Am aussagekräftigsten dürfte deshalb die Feststellung sein, wie viele Soldaten nach einem mindestens viermonatigen Einsatz tatsächlich danach 20 Monate in der Heimat blieben. Das hat das Ministerium für  den Zeitraum vom 1. Januar bis 7. Dezember 2012 untersucht:

Im o.a. Zeitraum waren 14.091 Soldatinnen und Soldaten mehr als einmal in ihrer aktiven Dienstzeit im Einsatz und wiesen gleichzeitig in ihrem vorletzten Einsatz eine Stehzeit von mindestens 120 Tagen auf. In 6.953 Fällen (49,34 Prozent) wurde die Regeneration von 600 Tagen, d.h. ca. 20 Monaten zwischen den Einsätzen, unterschritten, in 7.138 Fällen (50,66 %) realisiert.

Allerdings, das macht das ausführliche Zahlenmaterial für jede Truppengattung deutlich, gibt es gravierende Unterschiede – bei den Heeresuniformträgern zum Beispiel hatten 96 Prozent der Apotheker ihre 20-monatige Regenerationszeit, aber nur 30 Prozent der Gebirgsjägertruppe. Was um so problematischer scheint, als die Gebirgsjäger zu denen gehören, die vor allem in Afghanistan draußen am scharfen Ende des Berufs tätig sind.

Jenseits der Details: Nur gut die Hälfte mit der angestrebten Regenerationszeit – da scheint die Truppe von einer regelmäßigen Vier Monate/20 Monate-Systematik noch weit entfernt. Mit allen Problemen, die eine zu kurze Zeit zwischen den Einsätzen in der Heimat für den einzelnen Soldaten bedeutet.

Aber es wird alles gut, sagt das Ministerium:

Die im Artikel verwendeten Zahlen zur Einsatzbelastung beziehen sich auf einen Berichtszeitraum von Januar 2010 bis Dezember 2012. Somit werden die Auswirkungen der erst Mitte 2012 tatsächlich begonnenen Neuausrichtung der Bundeswehr nur unzureichend erfasst. Deshalb lassen sich daraus keine belastbaren Folgerungen der Auswirkungen der Neuausrichtung ableiten.
Wesentliche Säule der Neuausrichtung der Bundeswehr ist es, die individuellen Einsatzbelastungen unserer Soldatinnen und Soldaten zu reduzieren und die Anzahl verfügbarer Kräfte für den Einsatz zu erhöhen.  Mit der Ausplanung der neuen Truppenstrukturen und deren Realisierung im Zeitfenster 2014 bis 2016 wird erst dann die Anzahl verfügbarer Kräfte für den Einsatz erhöht und die Durchhaltefähigkeit spürbar gesteigert werden. Damit wird sich die Einhaltung der Einsatzsystematik weiter verbessern.
Die Neuausrichtung wird sich zunehmend positiv bis 2016 auf die Einsatzbelastung unserer Soldaten auswirken.

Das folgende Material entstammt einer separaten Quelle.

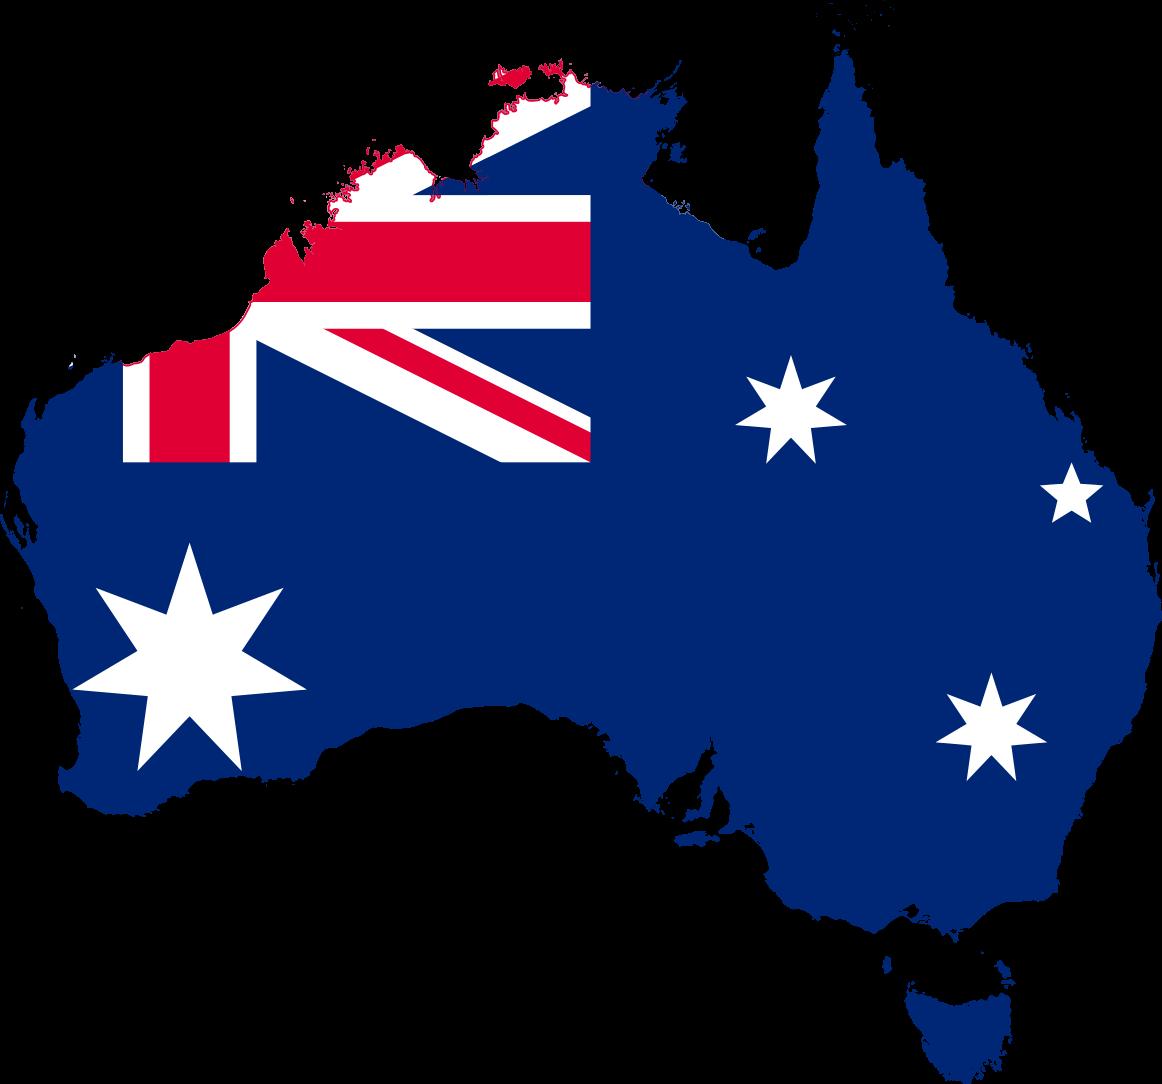 australia flag map image png
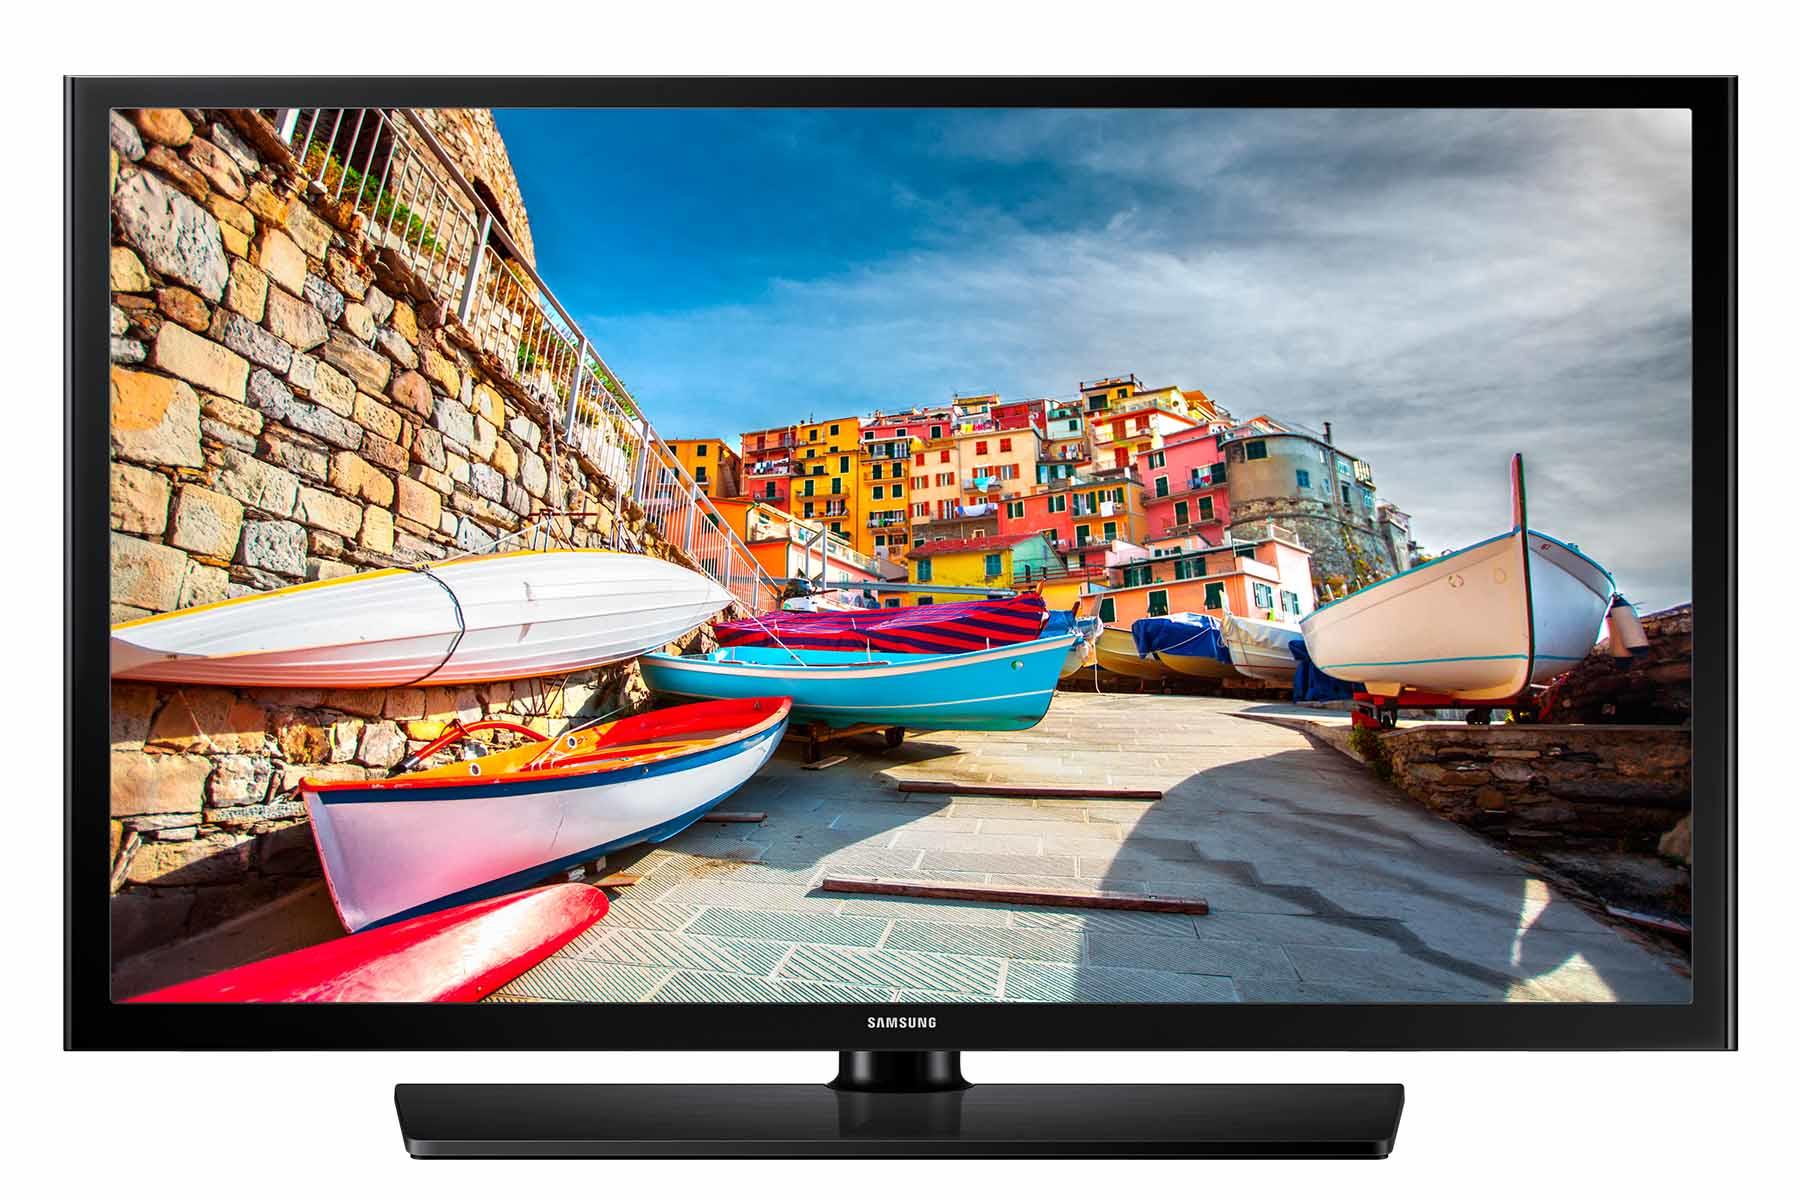 Samsung HG40EE590SKXXU 40 INCH Smart FHD Commercial TV

Frühestens im kommenden Jahr, lese ich daraus, wird sich die Lage bessern. Bis dahin können wohl auch die besonders belasteten Truppengattungen nicht darauf hoffen, ihre 600 Heimattage nach dem Einsatz zu bekommen.

(Foto: Patrouille in Afghanistan – Bundeswehr/ISAF via Flickr)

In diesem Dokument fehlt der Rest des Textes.